Между тем в восемьдесят лет я оказался не то чтобы «на вершине скользкой мачты», как говорил Дизраэли, но на почтенной высоте, достаточной, чтобы не испытывать горечи и не иметь «комплексов». Восьмидесятый год жизни принес столь милое моему сердцу сердечное тепло близких. Суждено ли мне в этой сердечности и любви окончить свою жизнь, которая уже не может быть долгой? В 1965 году я пожинал плоды долгого труда. Удача и люди улыбнулись мне. На этой бы счастливой развязке и опустить занавес. Но как? Тело и дух целы и невредимы; и мне приходится экспромтом сочинять шестой акт. Не знаю, каким будет конец моей жизни, если она продлится дольше, чем хотелось бы. Как в ранней юности, я часто думаю о кольце Поликрата. Что бросить ревнивым богам?

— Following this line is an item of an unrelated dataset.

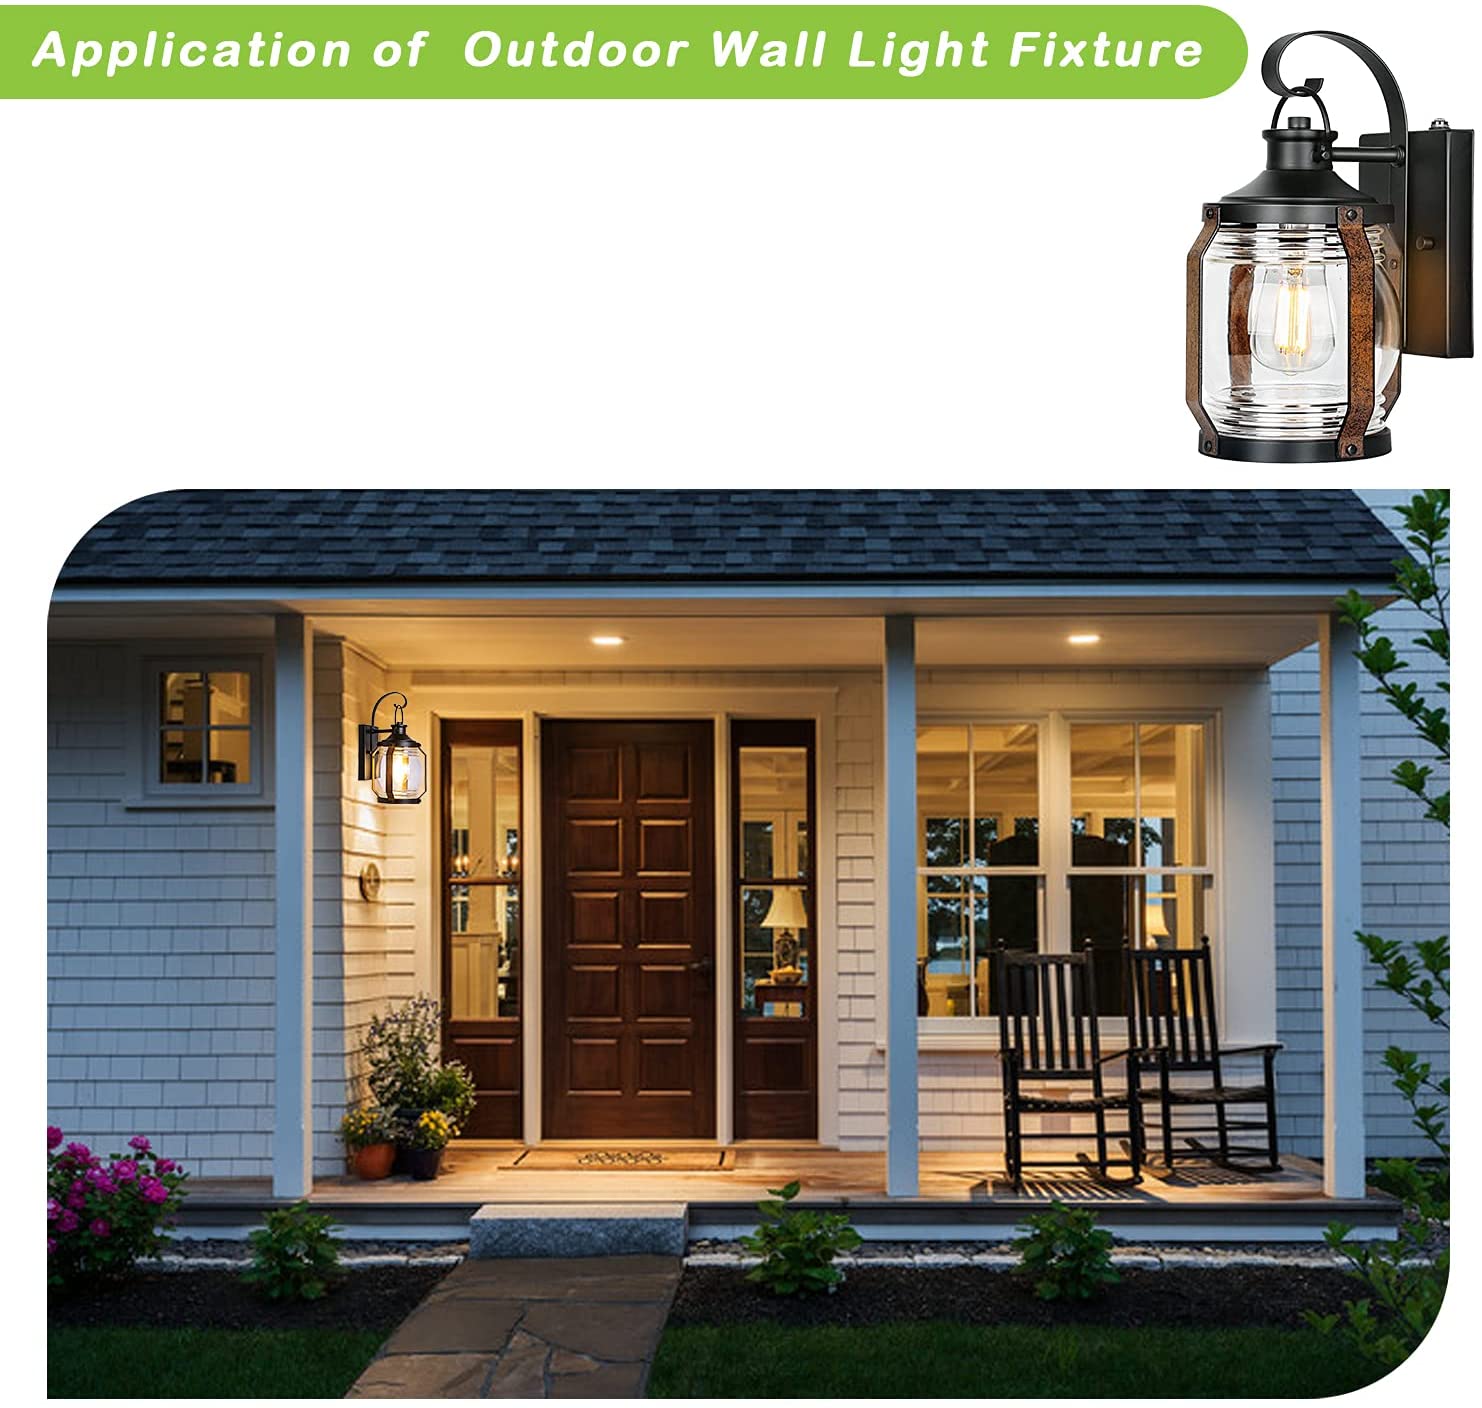 2 Pack wall lights fixture with dusk to down sensor black Glass wall sconce

В марте 1965 года вышел «Бальзак», которому я посвятил три года жизни. Вполне естественно, я волновался. В предисловии я заявил, что это моя последняя биография; итак, это была для меня решающая партия. Прав ли я был, отрекаясь от занятия, долгое время доставлявшего мне столько удовольствия? Мне казалось, что у меня для этого были весьма веские основания. Солидная биография требует двух-трех лет исследовательской работы. После восьмидесяти такое предприятие кажется дерзким. Не хватает времени. Да и потом, разве удалось бы мне после Бальзака найти сравнимого с ним героя? Жена, питавшая слабость к Виньи, хотела бы, чтобы последнюю книгу я посвятил ему. Но я не мог бы работать над ней с тем же воодушевлением и уверенностью, что вдохновляли меня все время, пока я писал «Бальзака», кроме того, меня ждали другие труды. Прежде чем написать слово «КОНЕЦ» на последней странице моей жизни, нужно было закончить эти «Мемуары», дававшие о ней более или менее верное представление.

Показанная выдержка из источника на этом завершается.